In XLIFF, the ITS provenance annotation should only be added as local stand-off markup i.e. using a its:provenanceRecords element within the XLIFF file. This facilitates the addition of further its:provenanceRecord elements as additional translation, translation revisions or other activities recorded in external provenance records are conducted upon the XLIFF file.

If the its:provenanceRecords element referenced by a its:provenanceRecordsRef contains any of the translation or translation revision related attributes, namely: its:person, its:personRef, its:org, its:orgRef, its:tool, its:toolRef, its:revPerson, its:revPersonRef, its:revOrg, its:revOrgRef, its:revTool or its:revToolRef, then the its:provenanceRecordsRef should only be used as local or global annotation selecting xlf:target or xlf:bin-target elements or a xlf:mrk inline markup within either of those XLIFF elements. This is because the provenance mark-up in this case is appropriate only to translated text.

If the its:provenanceRecords element referenced by a its:provenanceRecordsRef contains only the provRef attribute, then the its:provenanceRecordsRef may be used as local or global annotation selecting any XLIFF elements, since the its:provRef attribute may point to an external provenance records that could relate to an activity that resulted in textual content of any of the elements in an XLIFF file.

If, as the result of additional activities upon an XLIFF file results in values in a its:provenanceRecord that forks from that of other elements referencing the same its:provenanceRecords, then that its:provenanceRecords must be copied to a new element with a distinct id, while the reference attribute for the element(s) concerned is changed to refer to this new its:provenanceRecords id.

Design Note

Note XLIFF1.2 supports some constructs that could map to ITS provenance annotation as outlined below.

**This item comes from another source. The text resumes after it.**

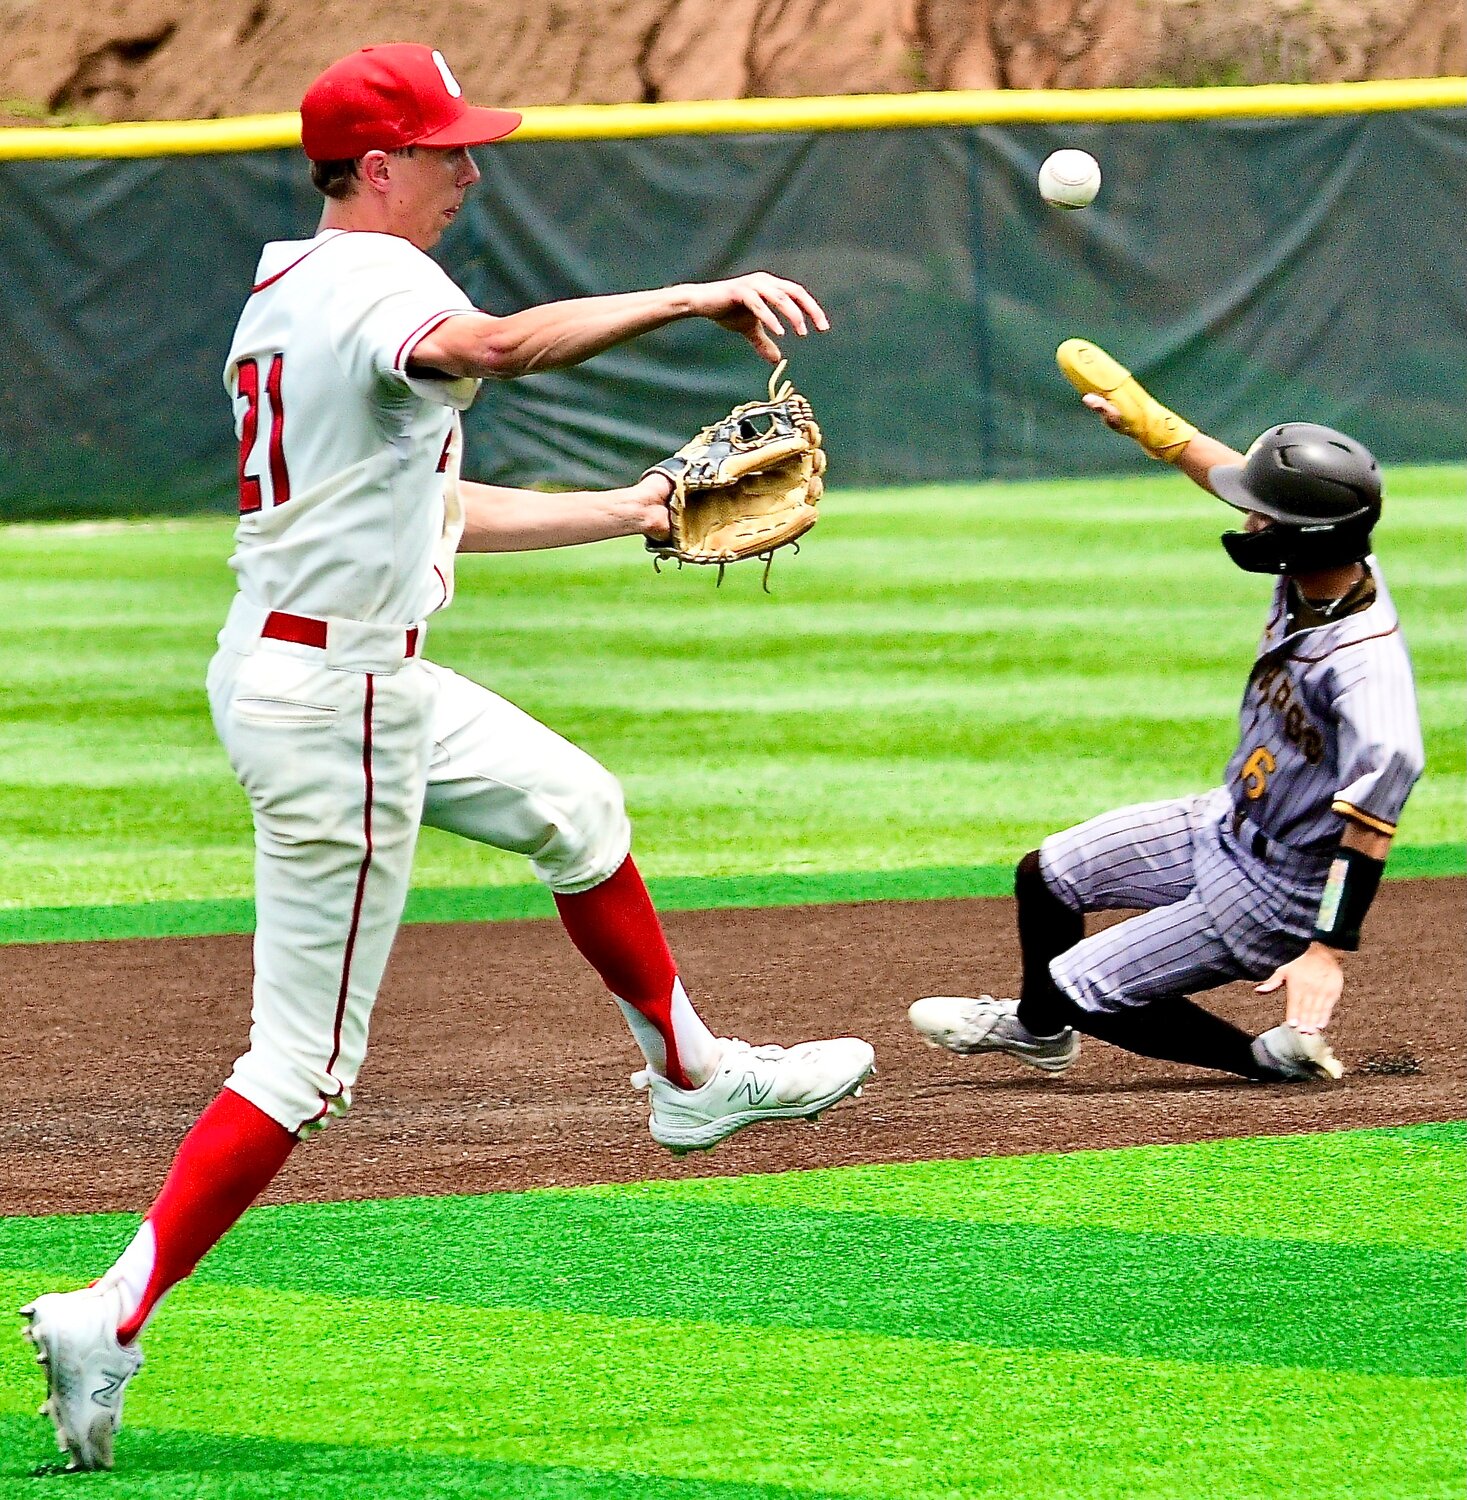 OZARK'S ALEX NIMMO makes a throw to first base as a Kickapoo runner slides at second base.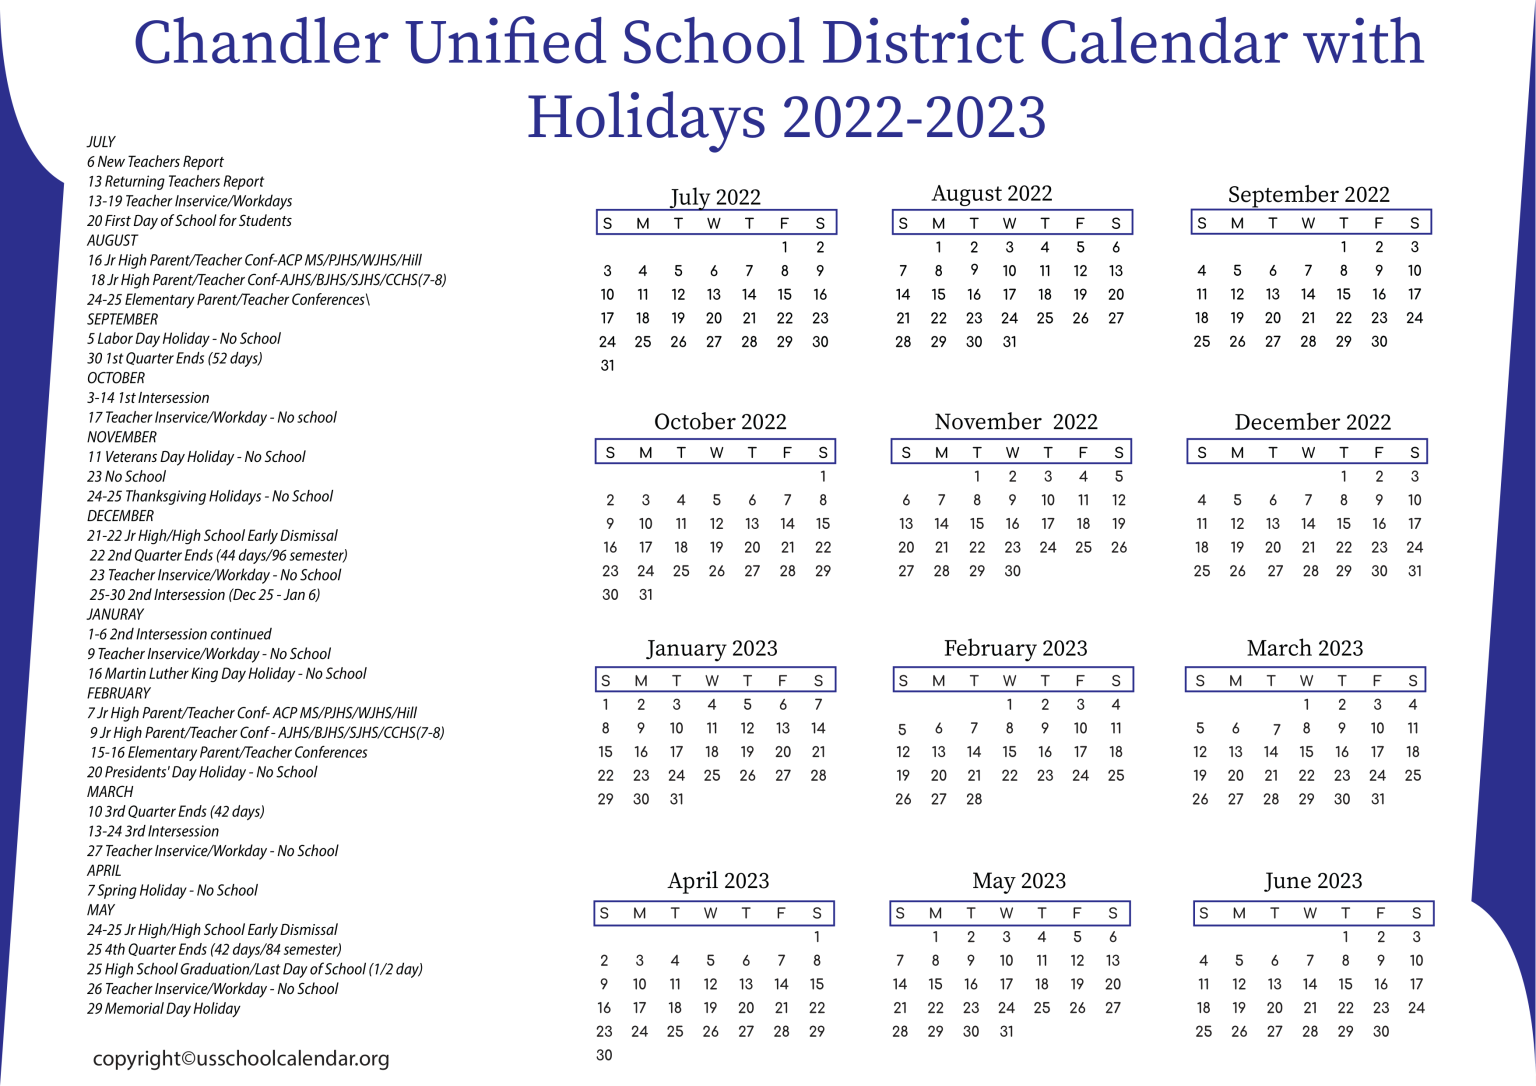 Chandler Unified School District Calendar with Holidays 2023

This mapping is not recommended because these elements are dropped in XLIFF 2.0, so that the solution would not be future proof.

<trans-unit phase-name="#ph1">
<target phase-name="#ph2">
...
<phase-group>
 <phase phase-name="ph1">
   process-name="translate"
   company-name="[value of its:orgRef or its:org]"
   tool-id="tl1"
   contact-name="[value of its:person]"
   contact-email="[value of its:personRef IF it has scheme 'mailto:'] "
   /> 
 <phase phase-name="ph2">
 ...
   /> 
</phase-group> 
 ... 
<tool tool-id="tl1">
  tool-name="[value of its:toolRef or its:tool]"
</tool>

One limitation however is that we can't map non 'mailto:' scheme for its:personRef into contact-email. Therefore the proposed mapping uses a reference to the ITS stand-off record, its:provenanceRecords. This also offers a similar mapping then for both XLIFF1.2 and XLIFF2.0 where phase-group is not available.